Rodrigo Paz Pereira was born on 22 September 1967 in Santiago de Compostela, Spain, while his family lived in exile during a turbulent period in Bolivian politics. He is the son of Jaime Paz Zamora, a key figure of the Movimiento de Izquierda Revolucionaria (MIR) and a former president of Bolivia, and Carmen Pereira. The family returned to Bolivia after the restoration of democracy, and Paz completed his education at Colegio San Ignacio in La Paz before studying international relations and political management abroad.

Education, family and faith

Educated in the United States — where he studied international relations and later took a master's in political management — Paz blends an international outlook with a powerful local political lineage. Married to María Elena Urquidi, the couple have four children. Throughout his public life he has spoken openly about faith, a recurrent motif in speeches and interviews that has framed parts of his political rhetoric.

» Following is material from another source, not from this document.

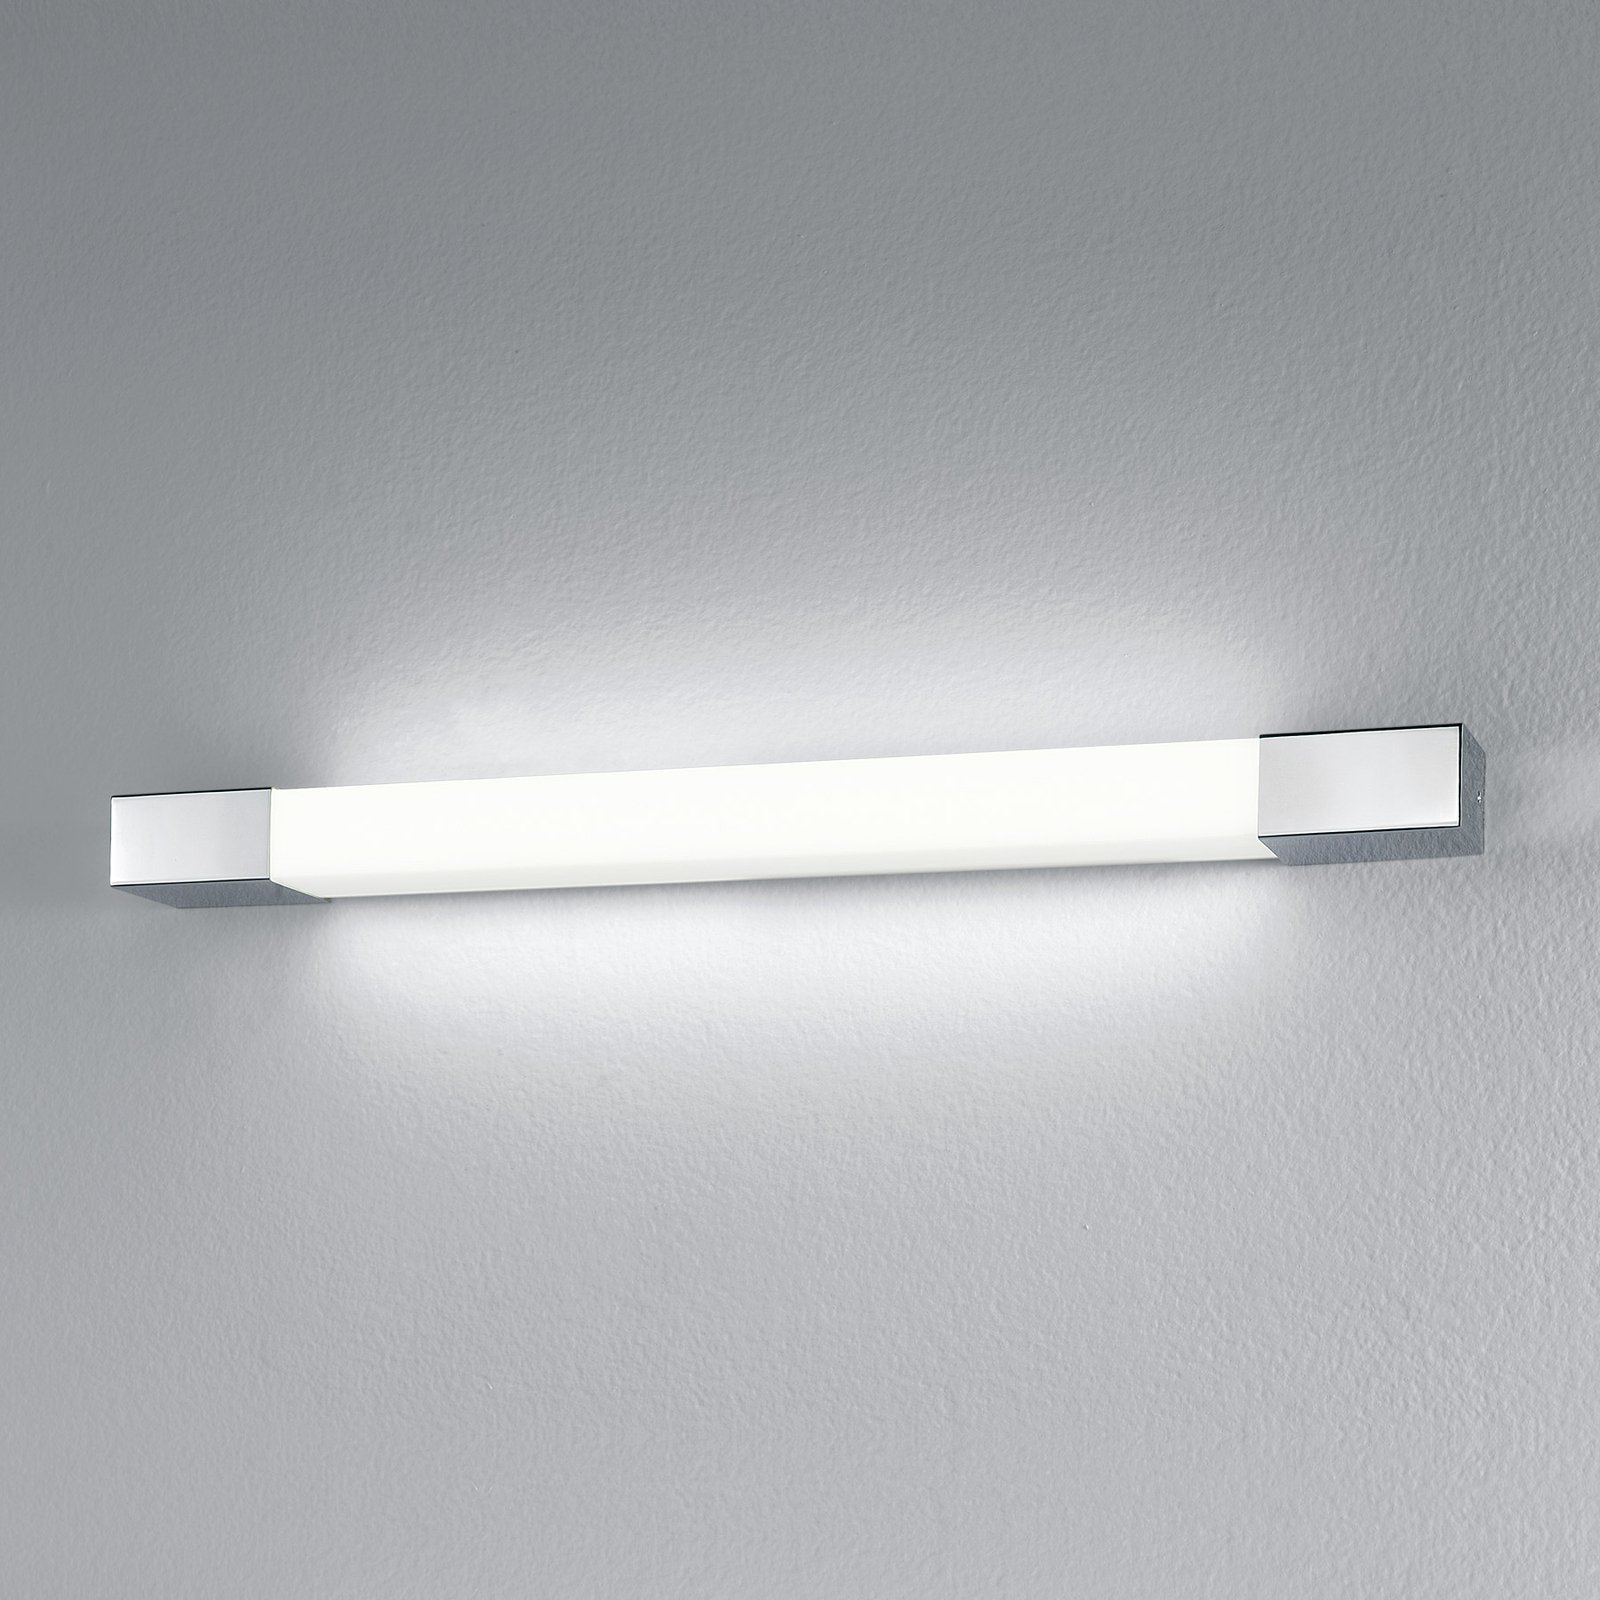 Nástěnné svítidlo Egger Supreme LED, nerezová ocel, 130 cm

From Tarija to the national stage

For more than two decades Paz built his political career in Tarija, a department in Bolivia’s south. He served as a national deputy, then as president of Tarija’s municipal council and later as mayor. His time in Tarija gave him practical governance experience and a regional power base that would prove decisive when he launched a national bid. Observers point to his victory over the MAS candidate in Tarija as an early sign that his politics could resonate beyond the department.

A pragmatic local record

As mayor, Paz emphasized administrative modernization and municipal projects that raised his local profile. The combination of an established political family name and a record of municipal management became the platform from which he later campaigned nationally.

The 2025 surge: how a regional figure became a national winner

The 2025 electoral cycle produced a surprise. Paz, initially seen as a regional figure, topped the first round of voting and then secured victory in the runoff, defeating a field that included established national figures. Media characterized the result as a historic break from the nearly 20-year MAS dominance. His appeal — a blend of moderate economic reform, anti-corruption messaging and an emphasis on the informal majority — allowed him to consolidate diverse anti-MAS currents.

“The son of former President Jaime Paz Zamora… won the election with promises of ‘capitalism for all.’”

Campaign tactics and grassroots touring

Campaign communications and regional press show a methodical strategy: extensive visits to municipalities, frequent direct interactions with traders, transport workers and informal-sector entrepreneurs, and a large volume of short-form messaging on social platforms to stay visible between rallies.

“Capitalism for all”: the program and its components

The centerpiece of Paz’s political branding is the slogan “capitalism for all.” The phrase captures an attempt to reframe market-oriented policies as populist tools: economic inclusion through formalization, targeted social protections, and decentralization of resources to municipalities and departments.

Key policy proposals

  • Decentralization & the “50-50 rule”: a plan to audit and reallocate certain central resources so that a fixed portion flows directly to regions.
  • Subsidy reform: targeting fuel and energy subsidies viewed as both fiscally costly and vulnerable to corruption; proposals include redirecting part of the savings to social programs.
  • Formalizing the informal economy: tax simplification, microcredit and regulatory easing aimed at bringing informal vendors and transporters into the formal sector.
  • Anti-corruption and transparency: institutional reforms to procurement, state-owned enterprise oversight and strengthened auditing.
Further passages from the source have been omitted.